By this point, you may have realized that all of these SDS programs are at a pretty low level. You'd be right in thinking that. These are building blocks better suited for developers rather than users or system administrators.
In addition, open-source SDS systems have started being offered in 2014. Like, their proprietary cousins, they are still relatively wet behind the ears.
For example, there are programs from companies such as SwiftStack, Nexenta, and Mirantis, which offer products that bridge the gap between developers and operations. Some, like SwiftStack, focus on one element of a SDS solution while Nexenta offers SDS-specific programs. Still other vendors, including Mirantis, with Mirantis OpenStack, are offering soup-to-nuts cloud and storage stacks.
At this point, the most mature of the everything-and-the-kitchen-sink programs, in my opinion, is Red Hat Storage Server 3. With it, it uses GlusterFS to control everything from your local COTS storage servers to cloud storage on OpenStack and Amazon Web Services (AWS).
Red Hat, with its major OpenStack role and ownership of Ceph and GlusterFS, is clearly in the leader's spot, but it's not the only open-source company that's a contender.
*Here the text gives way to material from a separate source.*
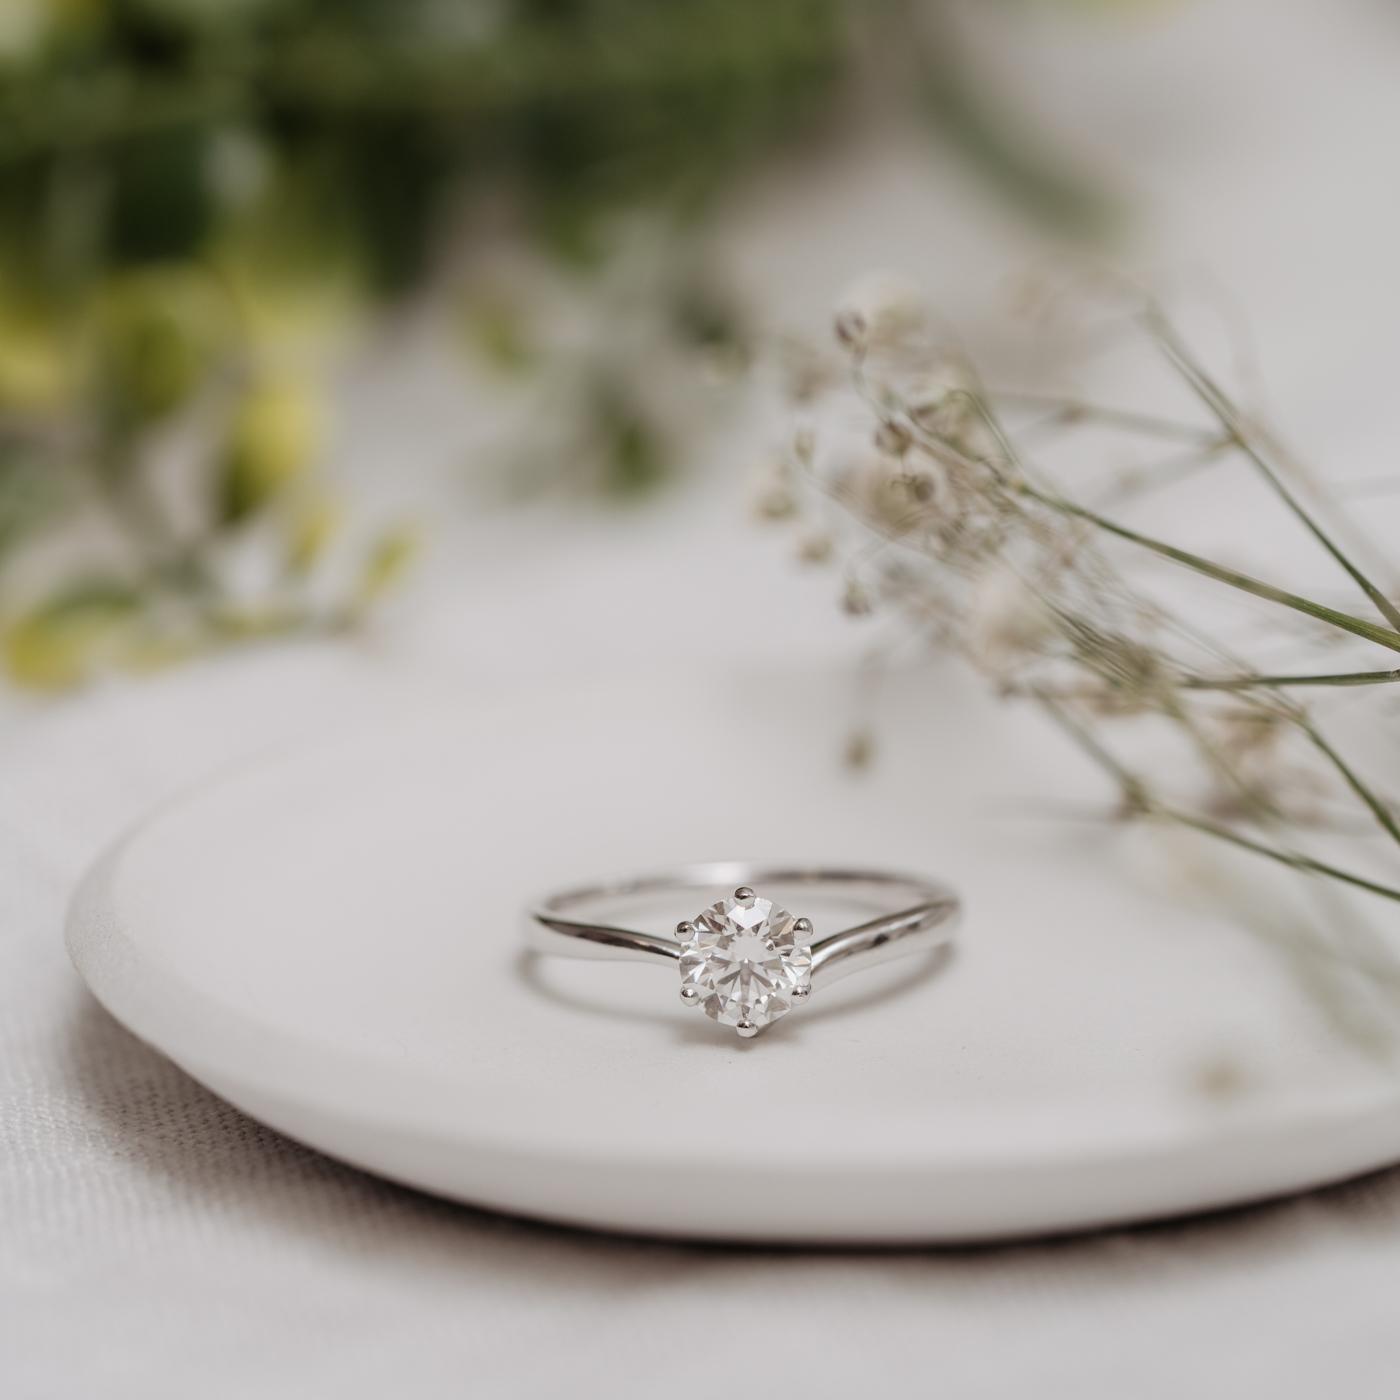 Sustainable Solitaire Engagement Ring | Akilina | Ethica Diamonds UK

SUSE has its Ceph-based SUSE Storage and Canonical is integrating Ceph into its Ubuntu Linux.
At this point, it's really too early to tell which technology or vendor will end up winning in the SDS wars. Red Hat, however, clearly has a strong lead.
I expect 2015 to be a year with strong competition from both the open-source and proprietary vendors for the enterprise's SDS dollar. IDC expects SDS to be the fastest growing storage segment in the coming year and I see no reason to doubt this prediction. This is being driven by the incredible growth of data. By IDC's count cloud, analytics, mobile, social and security data collection is growing at a rate of approximately 2.5 billion GBs of data per day.
Storage, in short, is in the middle of a revolution and its name is software-defined storage. While many vendors, such as IBM, Datacore, and Falconstor offer SDS stacks for their own hardware, companies are spending less on high-end storage. That means companies must be turning more to cheaper COTS storage, which will benefit the open-source approaches.
Back in 2011, the creator of the first popular web browser, Marc Andreessen, said software was eating the IT world. He was right, and in 2015 the bite is coming to storage.